Nel caso di specie la Cassazione ha giudicato corretta la decisione dei giudici di merito che avevano ravvisato la sussistenza degli elementi del dolo diretto, che "sussiste quando si entra nel campo della probabilità, cioè quando la realizzazione dell’evento si presenti all’autore del fatto quanto meno come altamente probabile, talchè il medesimo non si limita ad accettare il rischio dell’evento -visto nella rappresentazione psichica dell’agente come una delle possibili conseguenze della condotta, ma non voluto, in concreto, come avviene nel dolo eventuale - bensì accettando l’evento, già rappresentato come altamente probabile, lo vuole, nell’ambito di una effettiva previsione dell’ evento mortale, anche se non integra lo scopo finale della sua azione".

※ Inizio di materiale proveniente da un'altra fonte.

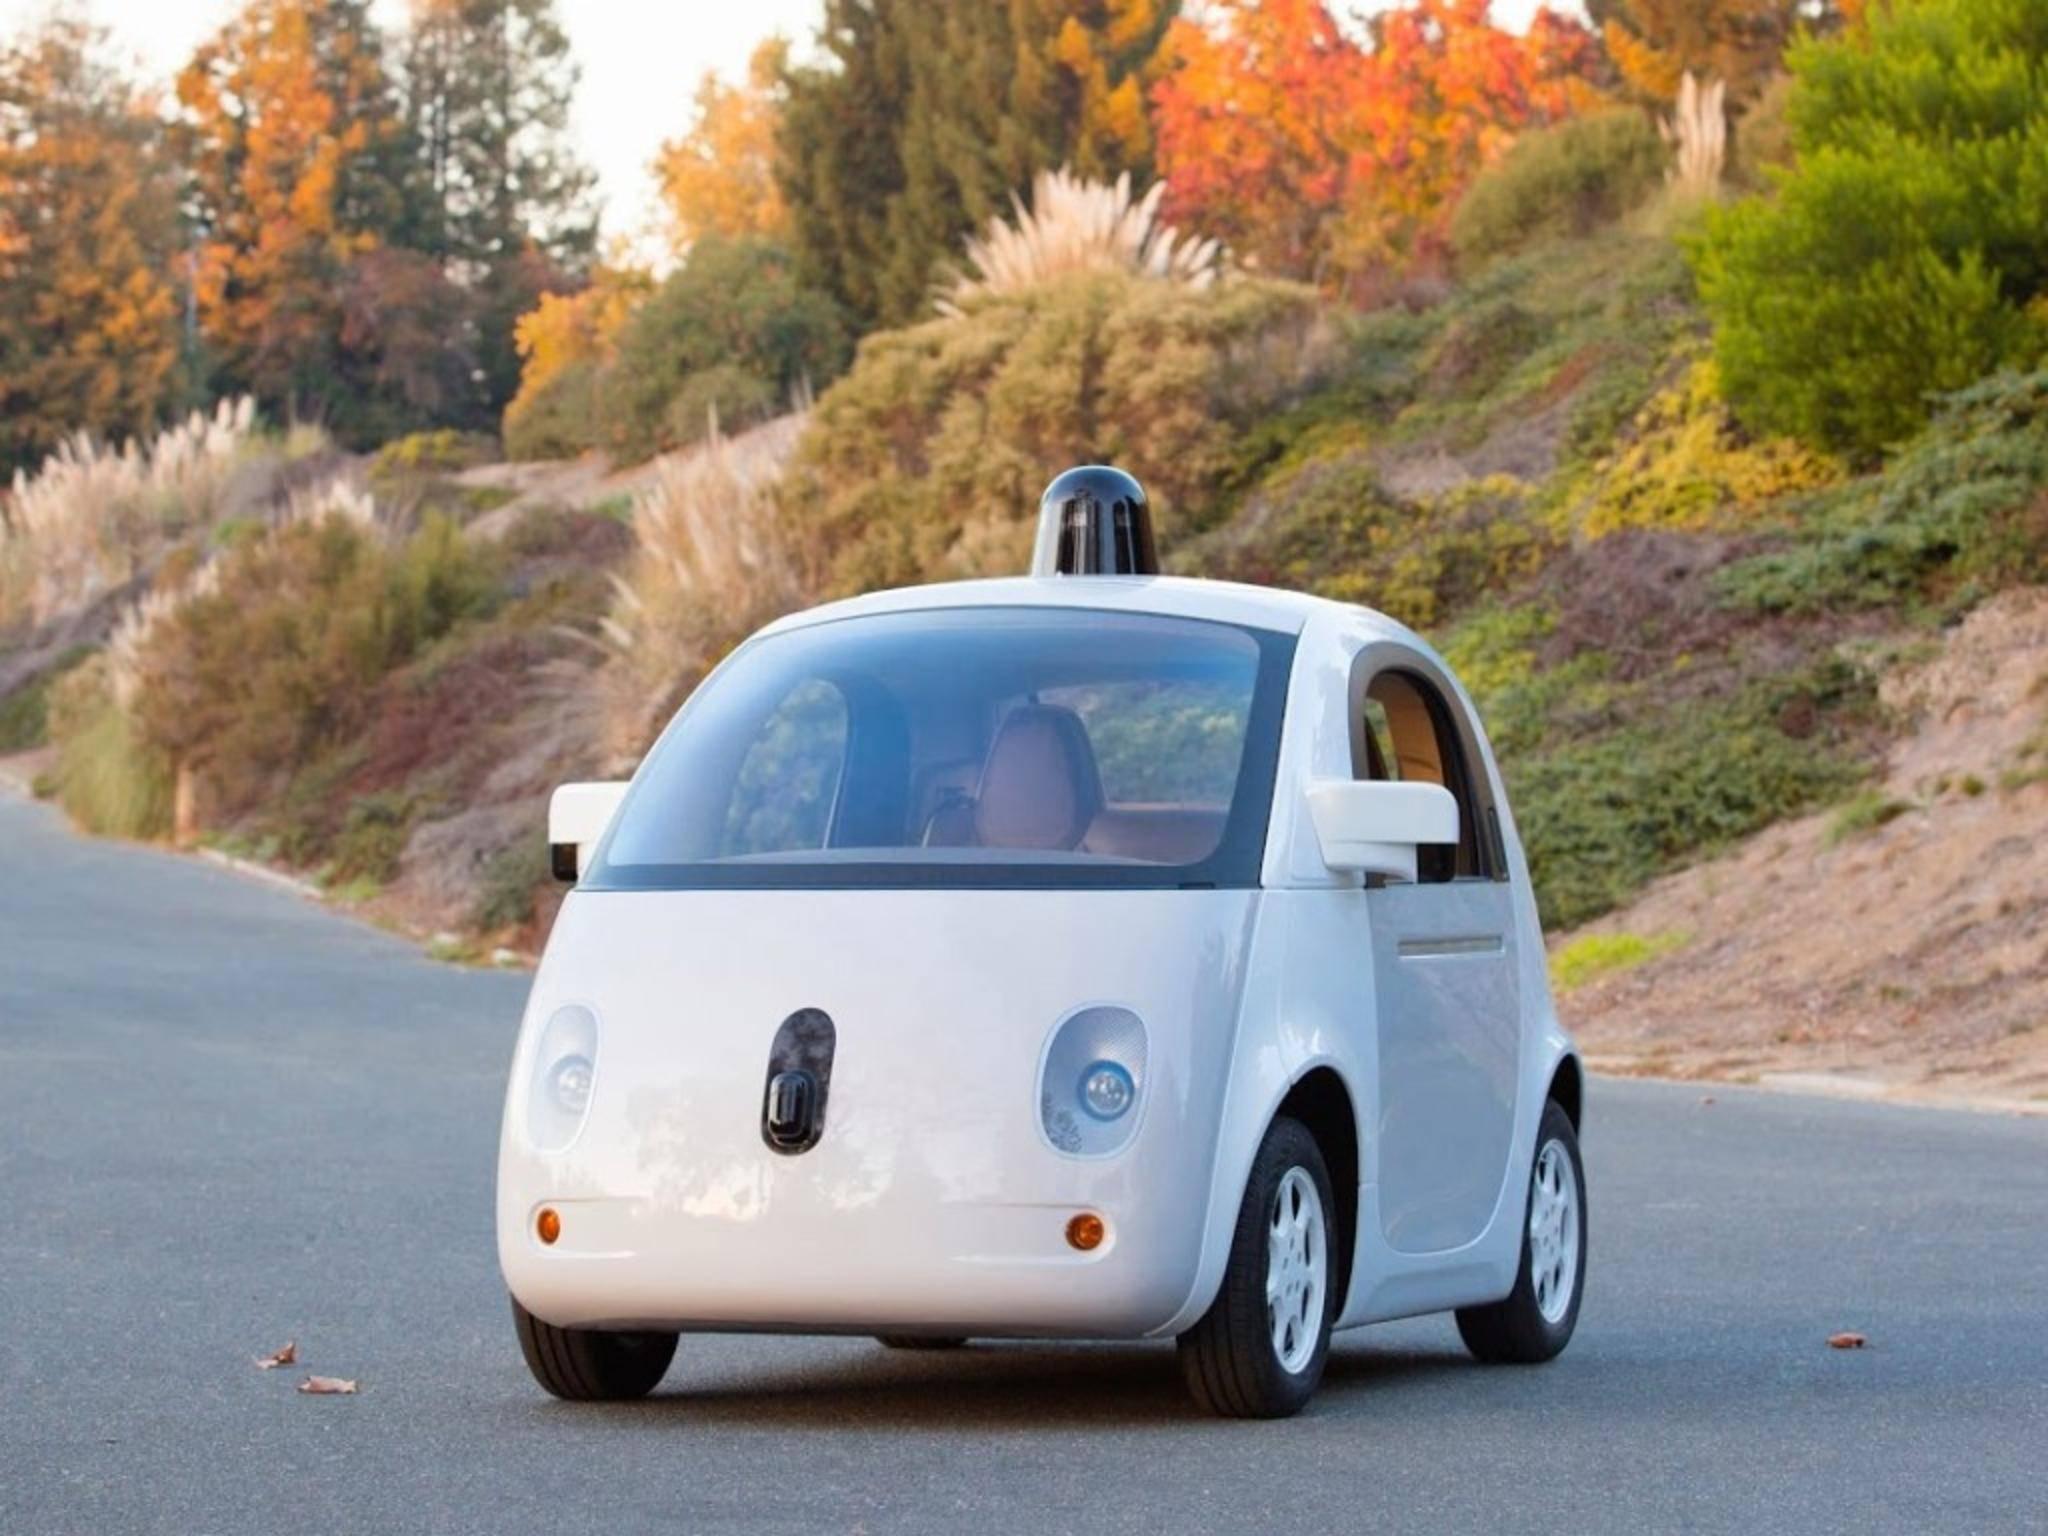 Viele Unternehmen wie Google arbeiten an selbstfahrenden Autos.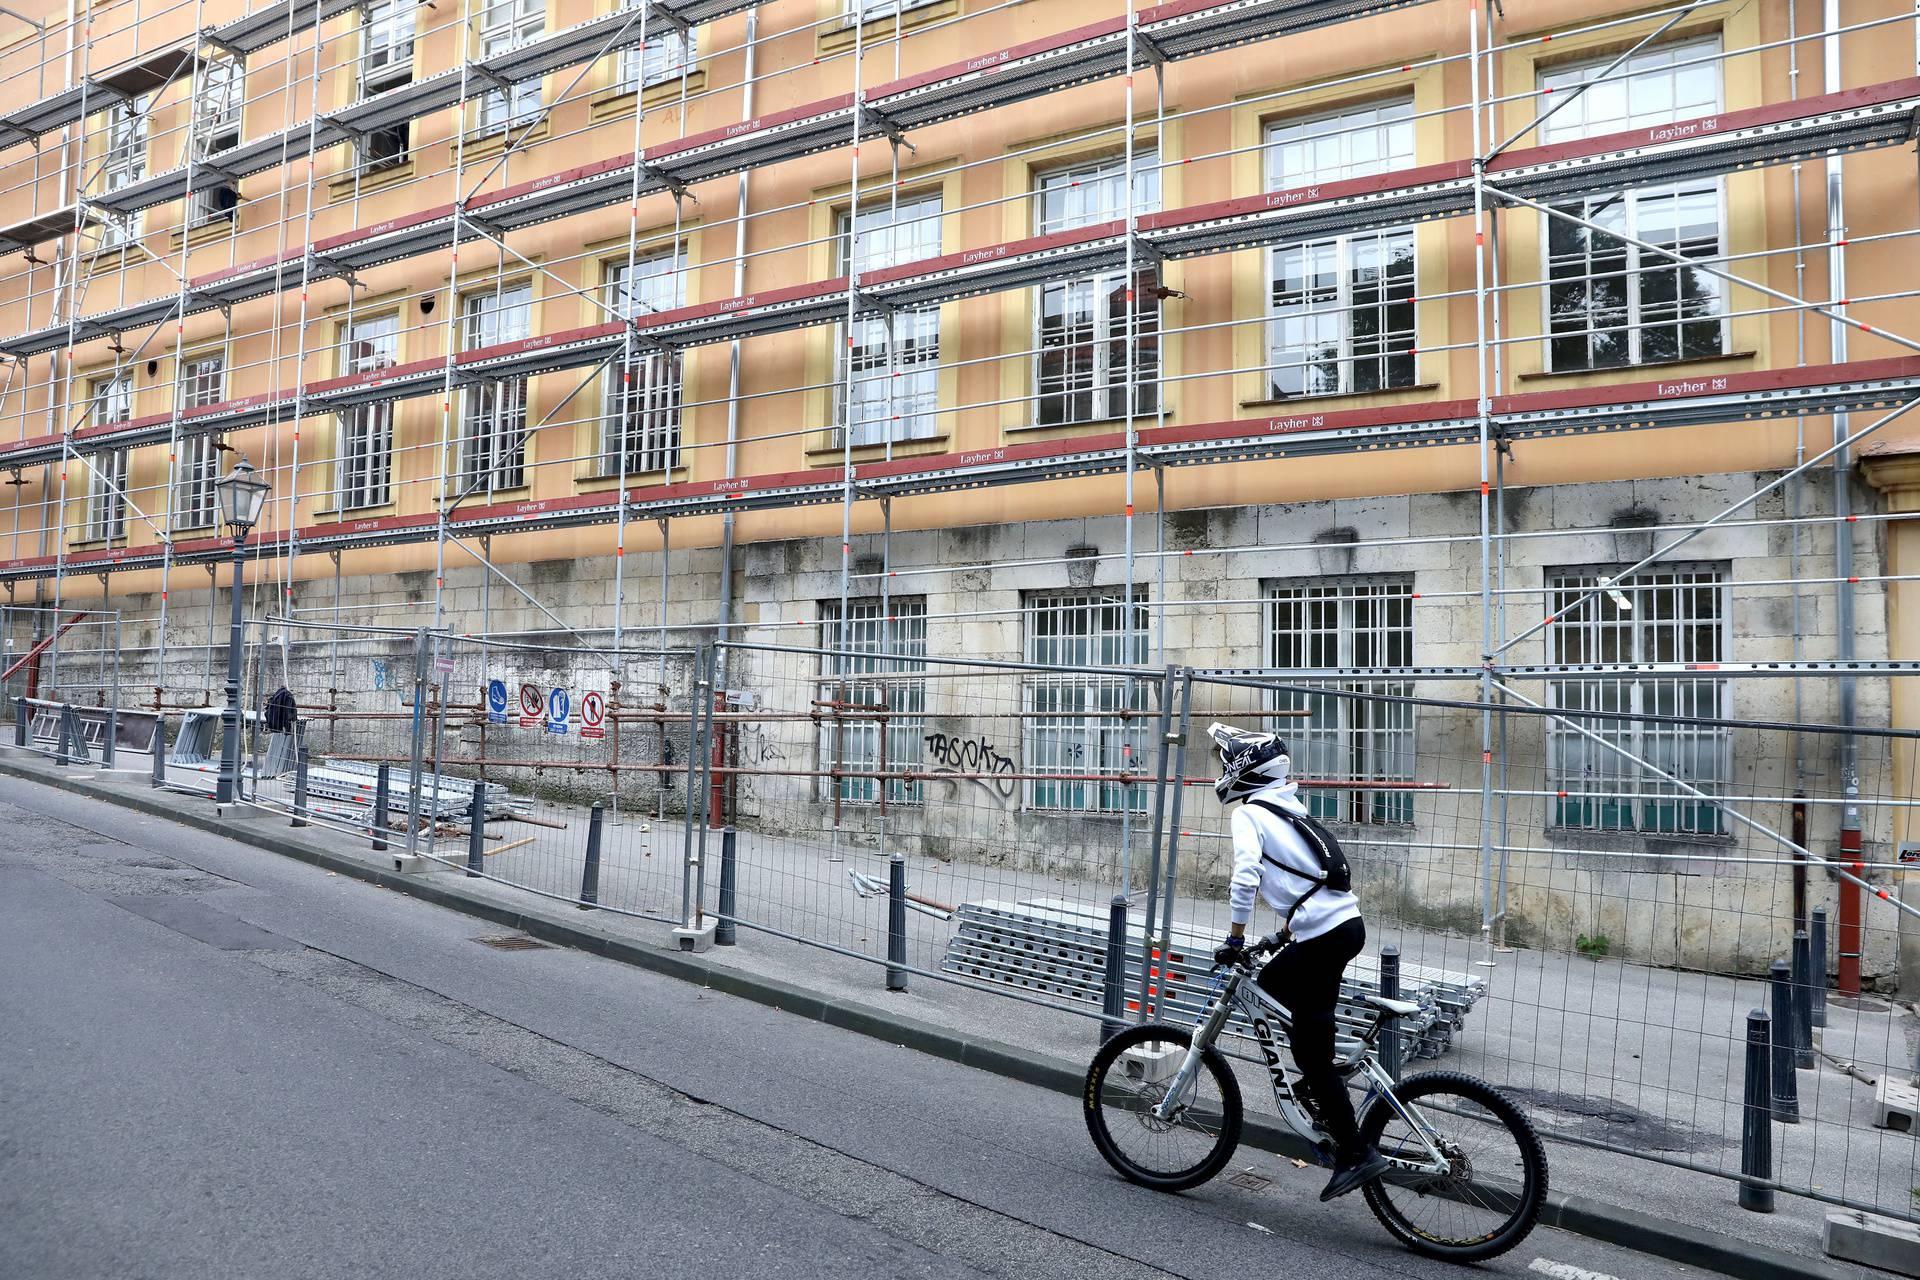 Dio škola u centru Zagreba koje su oštećene u potresu danas nisu otvorile svoja vrata

In particolare, infatti, "i giudici di merito hanno desunto dalle circostanze di fatto sopra elencate, coordinate logicamente nell’ ambito di un ragionamento indiziario ineccepibile, che l’imputato, il quale fra l’altro possedeva cognizioni mediche avendo frequentato buona parte del corso di laurea in medicina, si fosse rappresentato come altamente probabile la morte della vittima -ovvero la accelerazione della morte, il che è lo stesso, secondo quanto prima chiarito -in conseguenza della omissione di terapie mediche nel periodo iniziale della malattia in cui sarebbero state risolutive od avrebbero comunque prolungato di molto la sopravvivenza, ed avesse quindi accettato tale evento con dolo diretto, pur se la sua volontà era intenzionalmente diretta ad ottenere dalla vittima le somme di denaro che chiedeva per somministrarle la terra delle Dolomiti, il succo di carote e quant’altro".
La sentenza è integralmente consultabile sul sito della Cassazione.
(Corte di Cassazione - Sezione Prima Penale, Sentenza 15 gennaio 2008, n.2112: Neuropata - Cura di malato di carcinoma - Dolo - Concorso di cause - Omicidio volontario).